Characteristics of metrics:

  • Highly structured and aggregatable
  • Low storage requirements
  • Fast querying for dashboards and alerts
  • Good for known patterns and trends

Example metrics in Grafana:

# CPU usage metric
cpu_usage{instance="server-01", job="node"} 0.65

# Memory utilization
memory_used_bytes{instance="server-01", job="node"} 4096000000

# HTTP request count
http_requests_total{method="GET", endpoint="/api/users", status="200"} 1234

2. Logs

Logs are text-based records of events that occurred within your application or system. They provide a detailed narrative of what happened and when.

Characteristics of logs:

  • Semi-structured or unstructured text data
  • Higher storage requirements than metrics
  • Valuable for detailed context and debugging
  • Best for investigating known issues

Example log entry:

2023-08-15T14:22:31.142Z INFO [UserService] User login successful user_id=1234 source_ip=192.168.1.105 session_id=abcd1234

3. Traces

Traces track the journey of a request as it moves through a distributed system, helping you understand the end-to-end flow and identify bottlenecks.

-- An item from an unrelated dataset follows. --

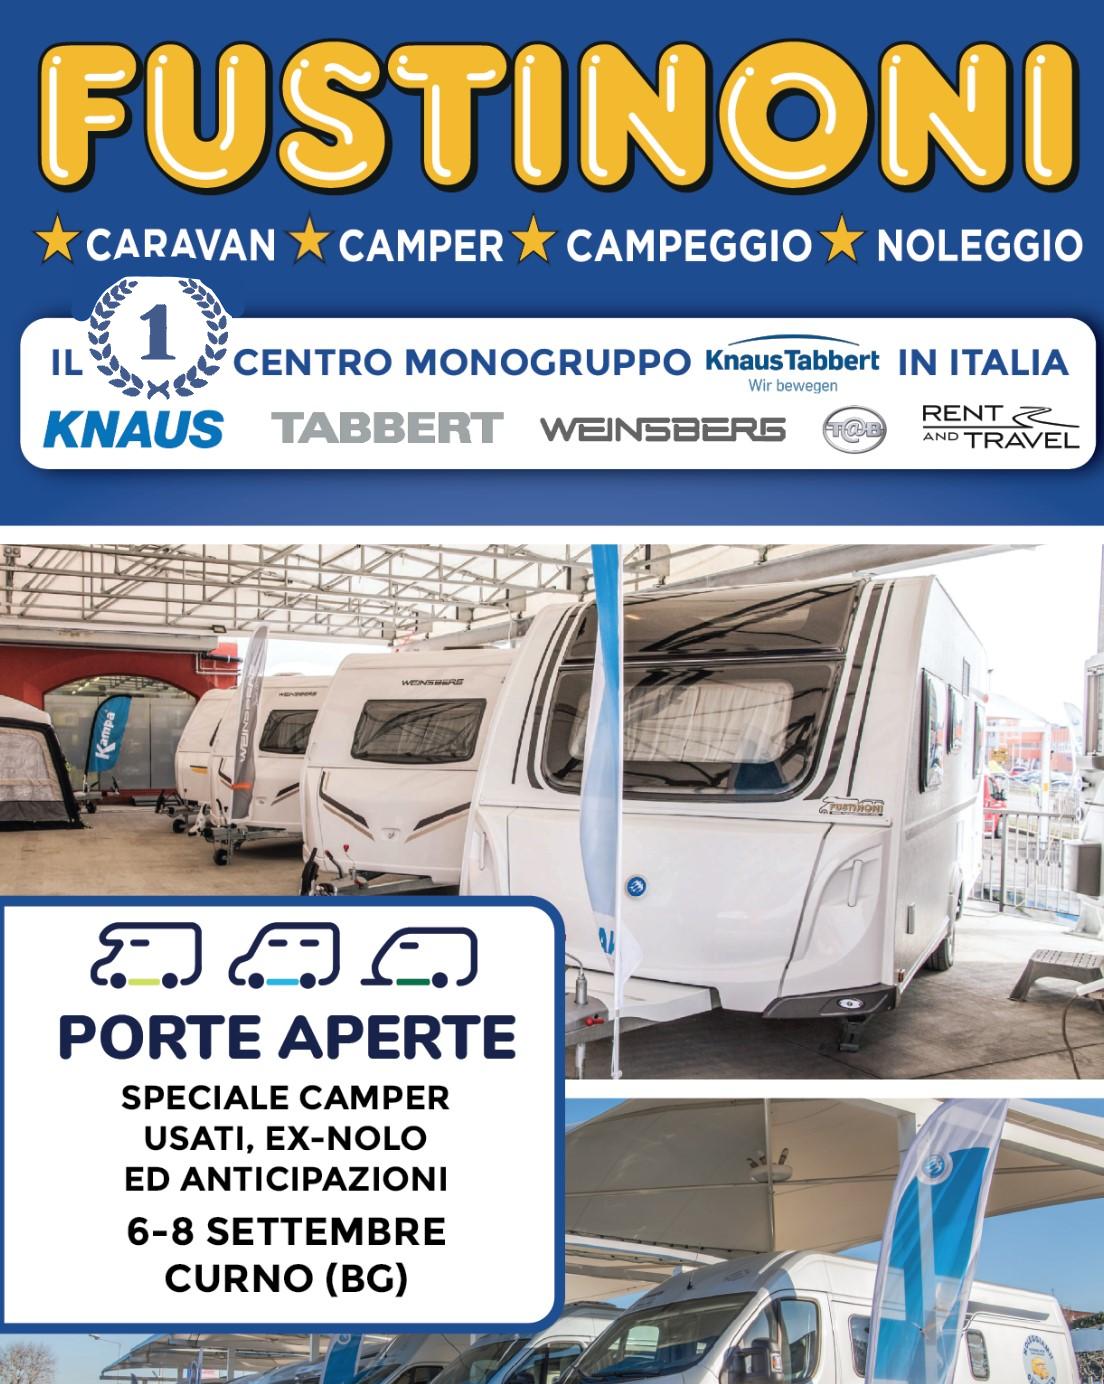 2-VOLANTINO-SETTEMBRE-2019-FUSTINONI-SPORT.jpg-Copia
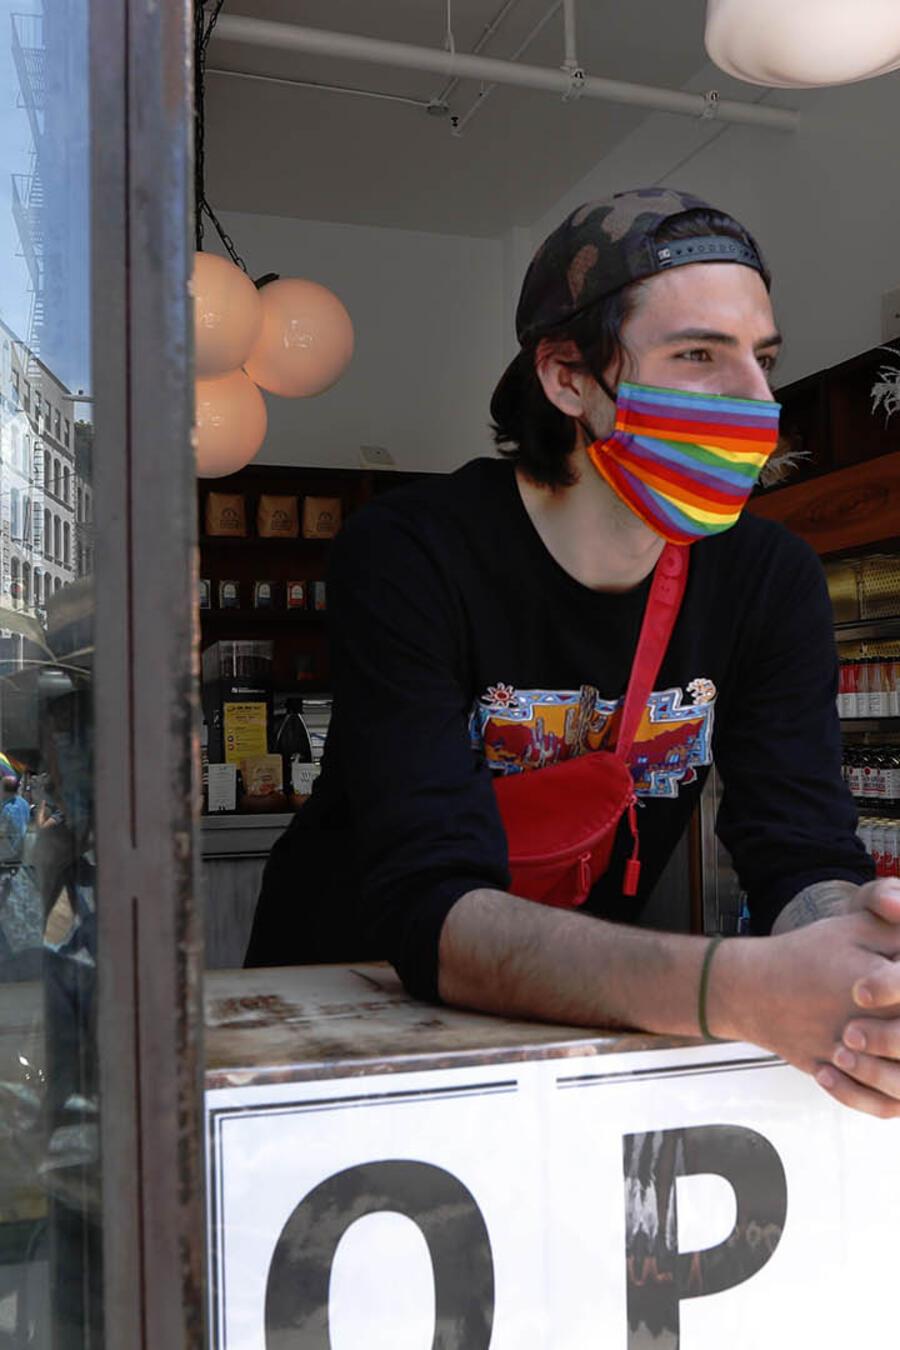 Desde una cafetería, una persona observa una marcha en Manhattan usando una mascarilla con los colores de la bandera LGBTQ.

Characteristics of traces:

  • Show causal relationships between services
  • Critical for microservice architectures
  • Help identify performance bottlenecks
  • Provide context for complex system interactions

Example trace data visualization in Grafana:

Observability vs. Monitoring

While related, observability and monitoring serve different purposes:

MonitoringObservability
Tells you when something is brokenHelps you understand why it's broken
Based on predefined metrics and thresholdsAllows for exploring unknown issues
Reactive approachProactive approach
Focuses on known failure modesHelps discover unknown failure modes
Dashboard-centricQuery and exploration-centric

Implementing Observability with Grafana

Grafana serves as an observability platform by providing:

1. Data Source Integration

Grafana connects to various data sources for each pillar:

  • Metrics: Prometheus, InfluxDB, Graphite
  • Logs: Loki, Elasticsearch
  • Traces: Tempo, Jaeger, Zipkin

2. Unified Dashboard Experience

Grafana allows you to visualize all three pillars on a single dashboard, creating a unified observability experience:

javascript
// Example Grafana panel configuration for a metric
{
"datasource": "Prometheus",
"targets": [
{
"expr": "sum(rate(http_requests_total{status=~\"5..\"}[5m])) by (service)",
"legendFormat": "{{service}}"
}
],
"title": "HTTP 5xx Error Rate by Service"
}

3. Correlation Between Data Types

One of Grafana's key strengths is correlating different data types. For example, seeing a spike in an error metric, then exploring logs from that time period, and finally examining traces of failed requests creates a powerful debugging workflow.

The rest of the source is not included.